> Exercise
Give again, exactly as written, the lines of the records below from the line with "Vitamin B 12 1 mg Inject Jenapharm® Ampullen" to the line with "Buckley London Britsh". Both end lines count; pictures do not.
** Data supplied follows **
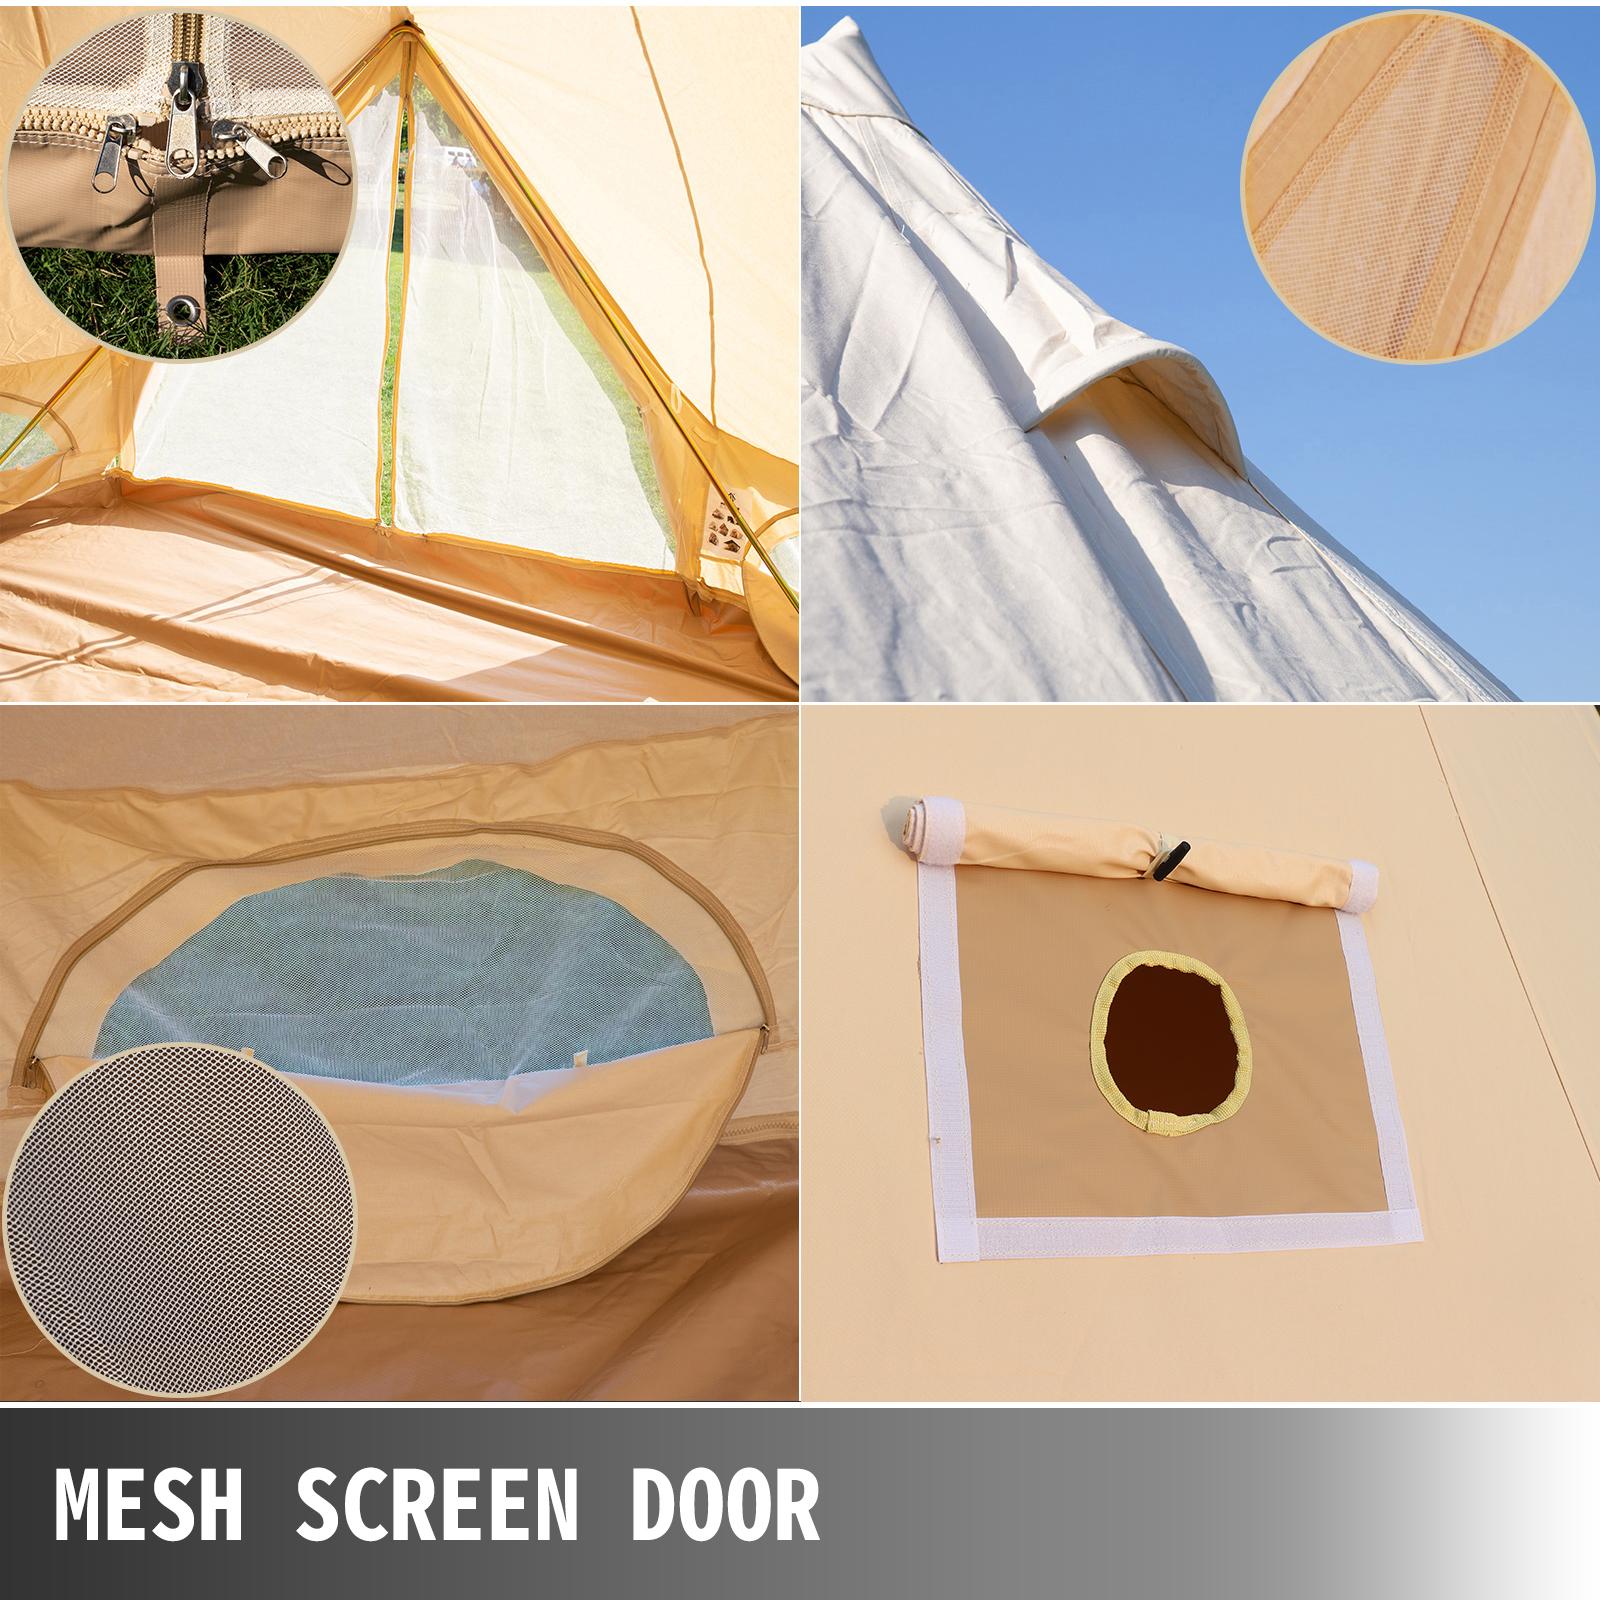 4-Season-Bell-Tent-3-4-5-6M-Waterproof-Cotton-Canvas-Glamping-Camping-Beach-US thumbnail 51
** End of Data supplied **
** Data supplied follows **
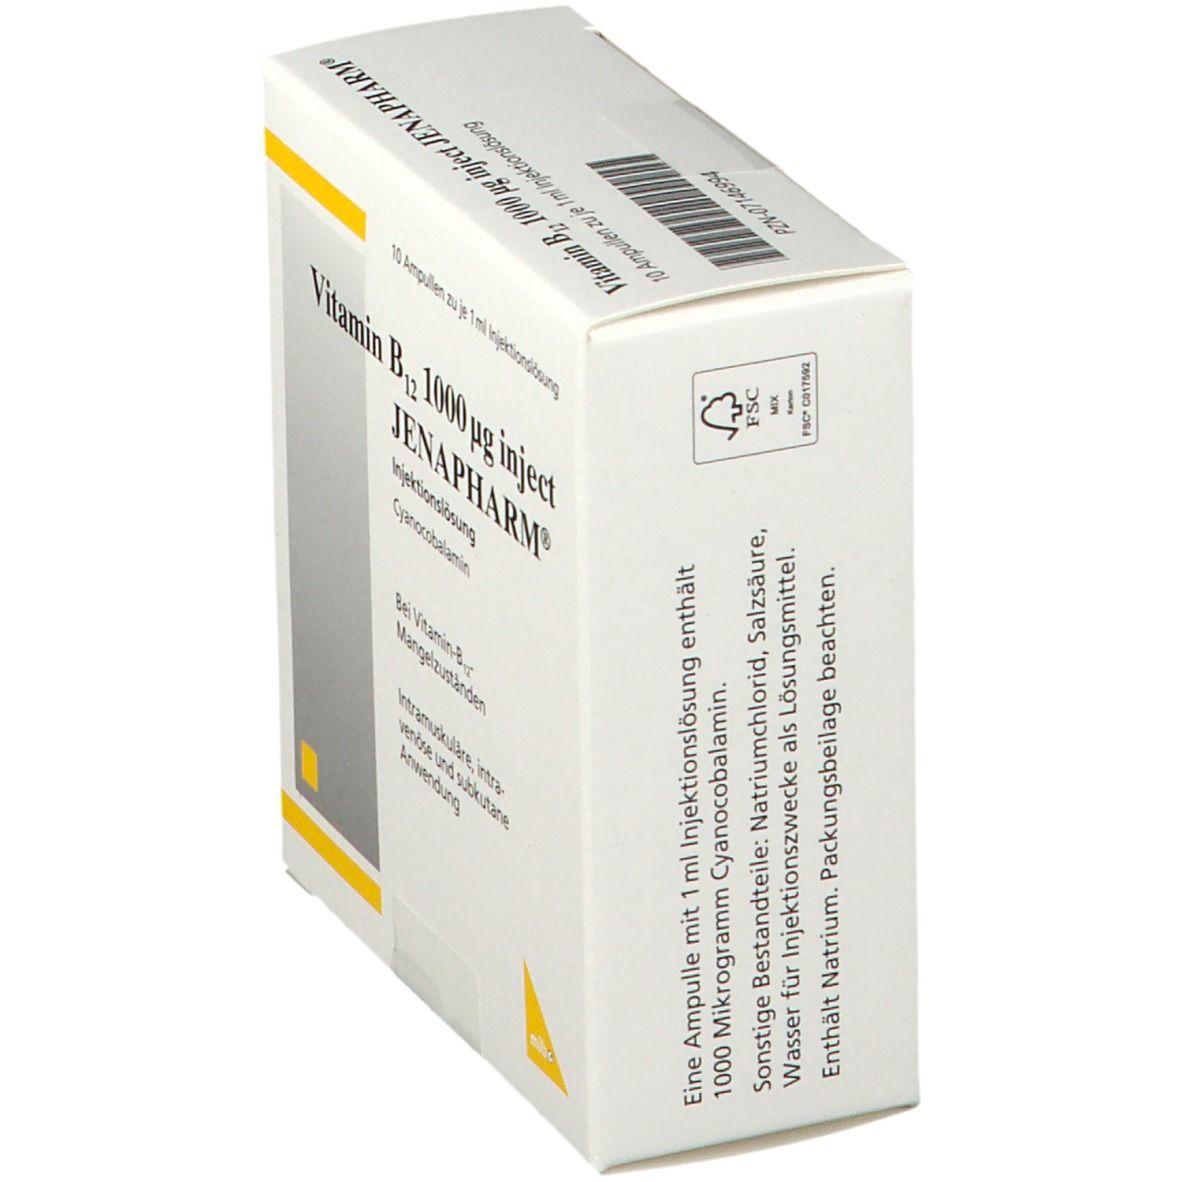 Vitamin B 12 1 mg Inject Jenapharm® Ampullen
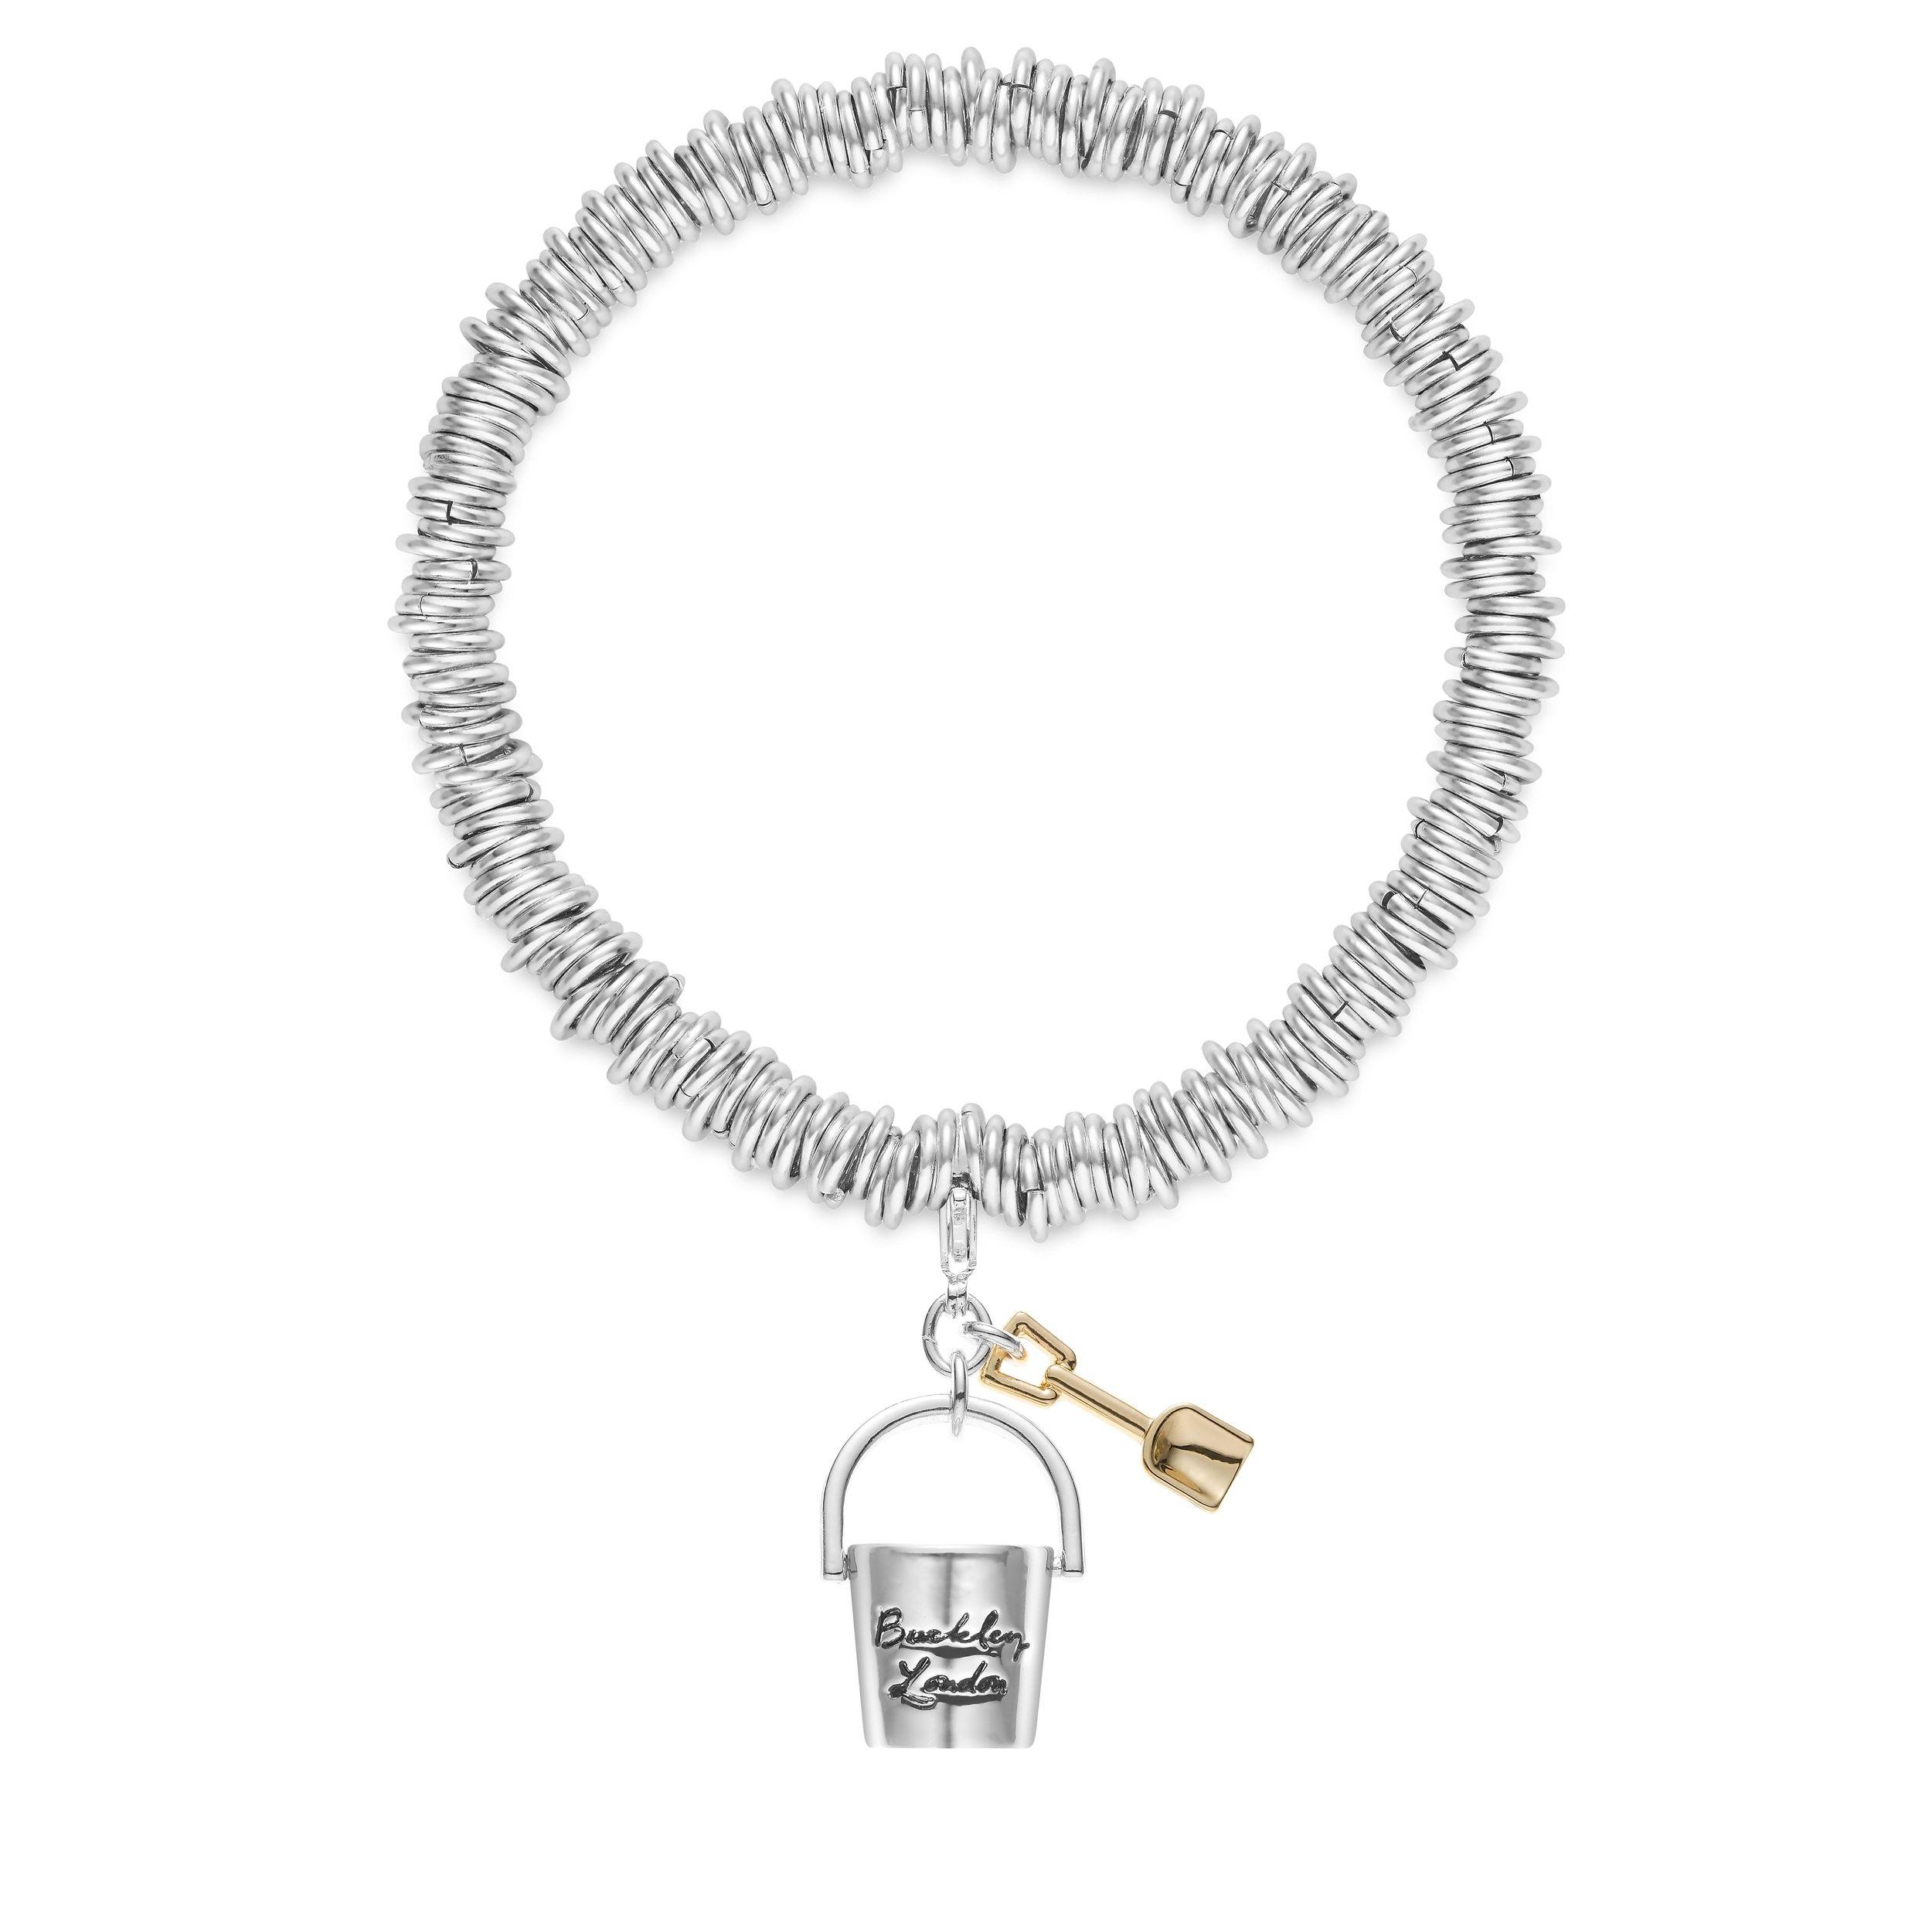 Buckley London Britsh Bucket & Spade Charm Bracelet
** End of Data supplied **
** Data supplied follows **
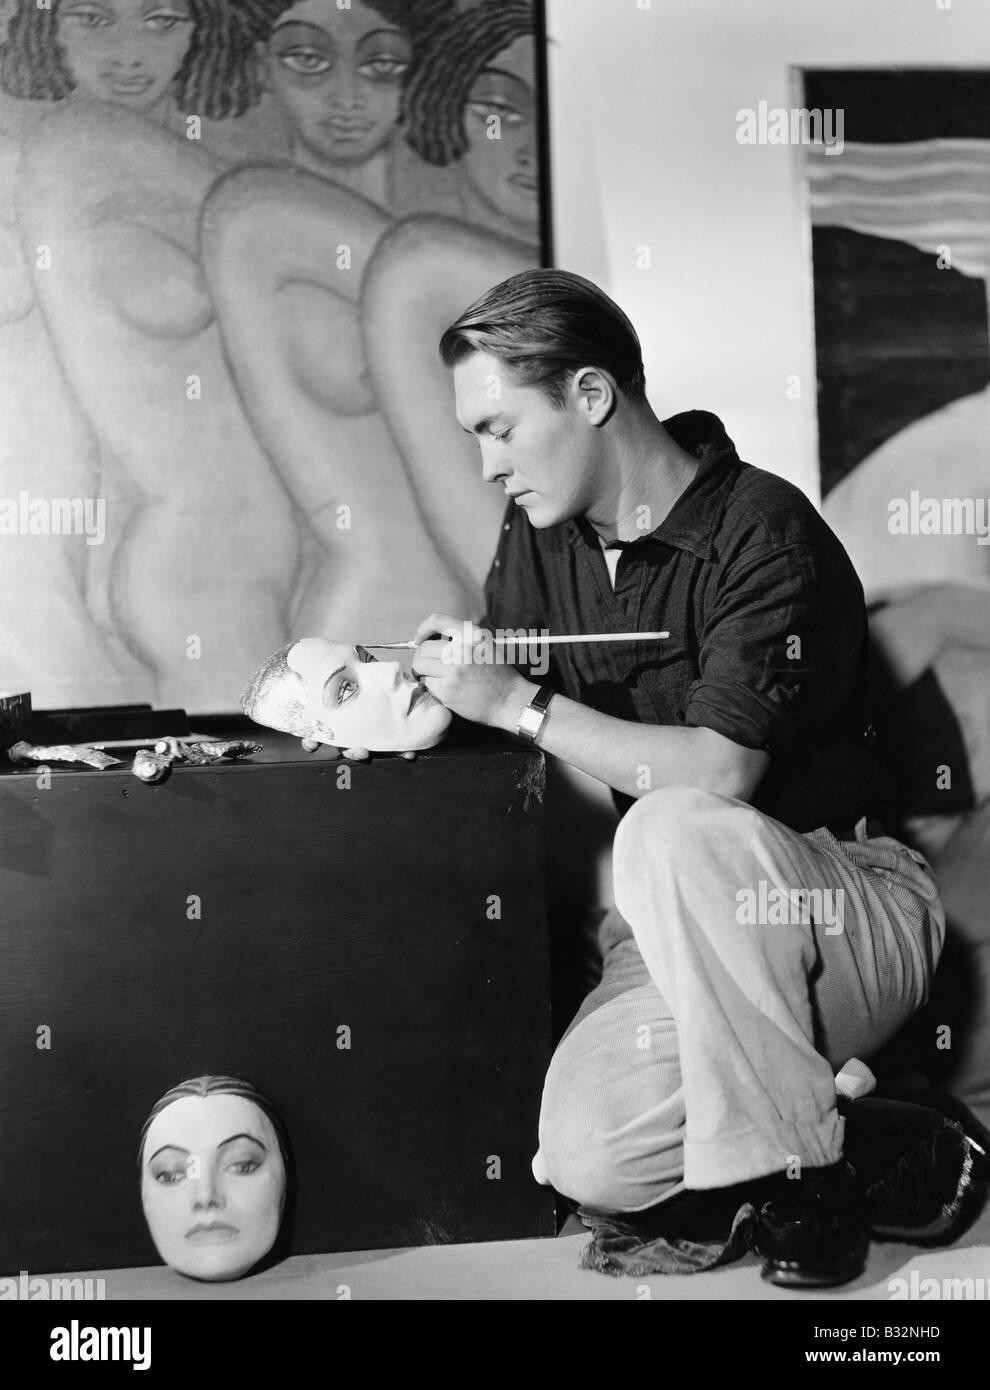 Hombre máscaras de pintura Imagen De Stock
** End of Data supplied **
> Answer to the problem
 Vitamin B 12 1 mg Inject Jenapharm® Ampullen
 Buckley London Britsh Bucket & Spade Charm Bracelet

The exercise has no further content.